WASHINGTON — It seems that quantity may play a bigger role than quality when it comes to how we perceive product reviews. A new study finds that people are more likely to buy items that have the largest number of reviews on a store’s website, even if it means they’re getting a more poorly rated product.
Researchers at Indiana University and UCLA examined the relationship between the number of reviews an online product has and its average rating, finding that there was no correlation between the two.
This result led them to explore how product reviews impacted purchasing decisions, with an initial online experiment involving 132 adult participants.
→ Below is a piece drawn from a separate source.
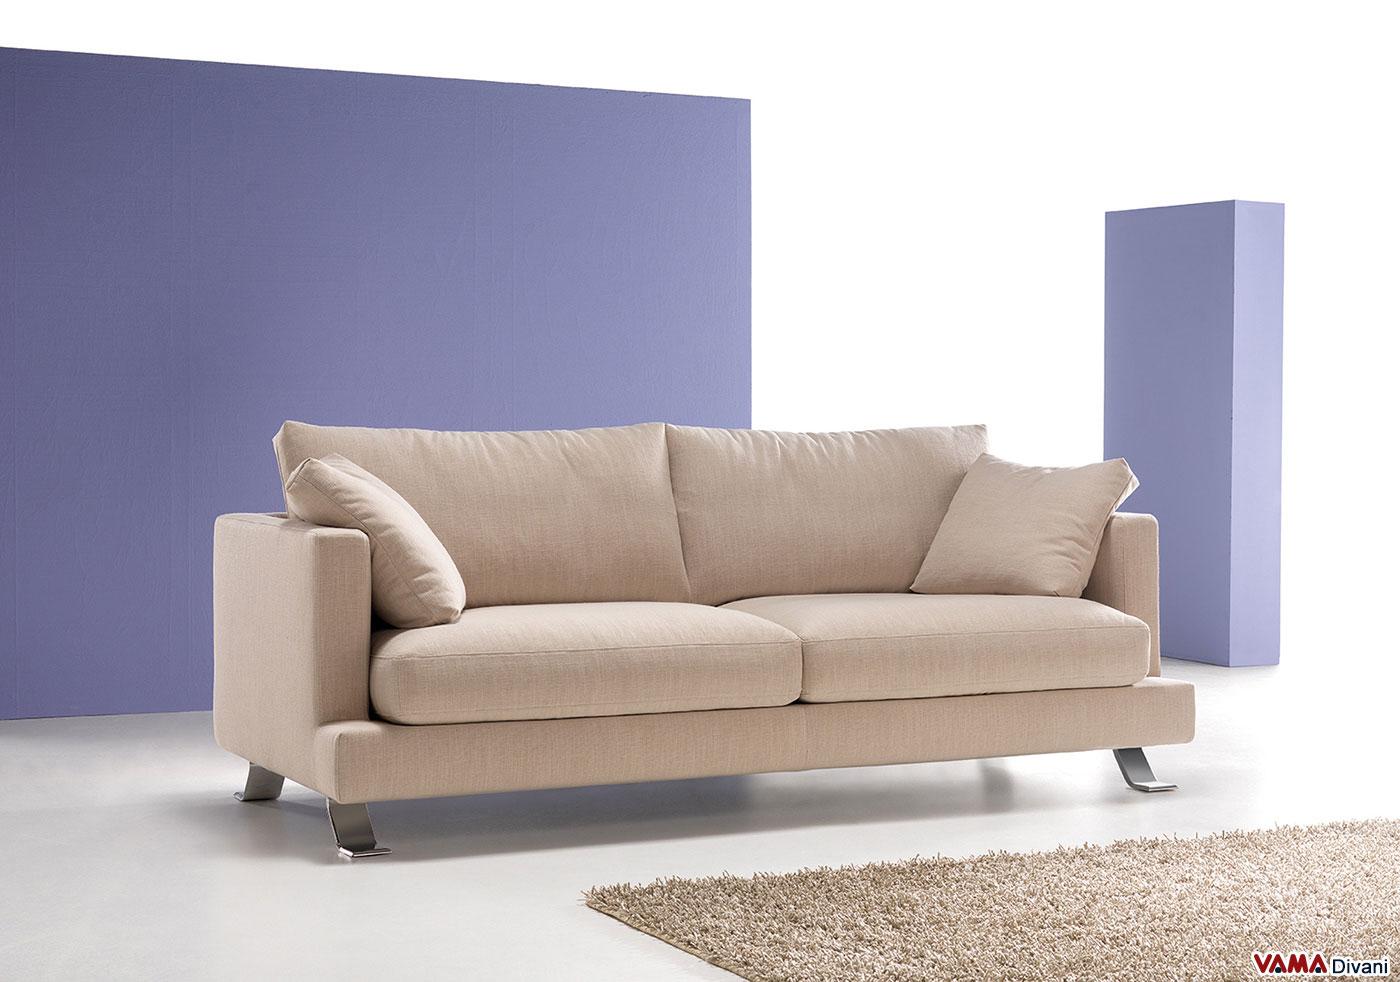 VAMA Divani Blog: Ami i divani squadrati? Scopri il modello Pisa!

Presented with a series of phone cases replete with mock online critiques, participants were asked to evaluate which case in a pair they would be more inclined to purchase. The researchers found that consumers tended to buy the case that had more online reviews — even when both cases had garnered low ratings.
This behavior, they noted, is irrational in that a low-rated product with many critiques is statistically more likely to be of low quality.
“Our research suggests that, in some cases, people might take this information and make systematically bad decisions with it,” says lead researcher Derek Powell in press release from the Association for Psychological Science.
A second experiment conducted with similar protocol had similar findings, leading the researchers to conclude that more ratings was tantamount to higher popularity in the minds of many shoppers.
“By examining a large dataset of reviews from Amazon.com, we were able to build a statistical model of how people should choose products,” explains Powell. “We found that, faced with a choice between two low-scoring products, one with many reviews and one with few, the statistics say we should actually go for the product with few reviews, since there’s more of a chance it’s not really so bad.”
Conventional wisdom doesn’t always play out, however, Powell learned.
“But participants in our studies did just the opposite,” he says. “They went for the more popular product, despite the fact that they should’ve been even more certain it was of low quality.”
As for the study’s real-life implications, Powell argues that “retailers might need to rethink how reviews are presented and consumers might need to do more to educate themselves about how to use reviews to guide their choices.”
Turns out that even as adults, we may need a helping hand when it comes to shopping for ourselves.
The study’s findings were published last month in the journal Psychological Science.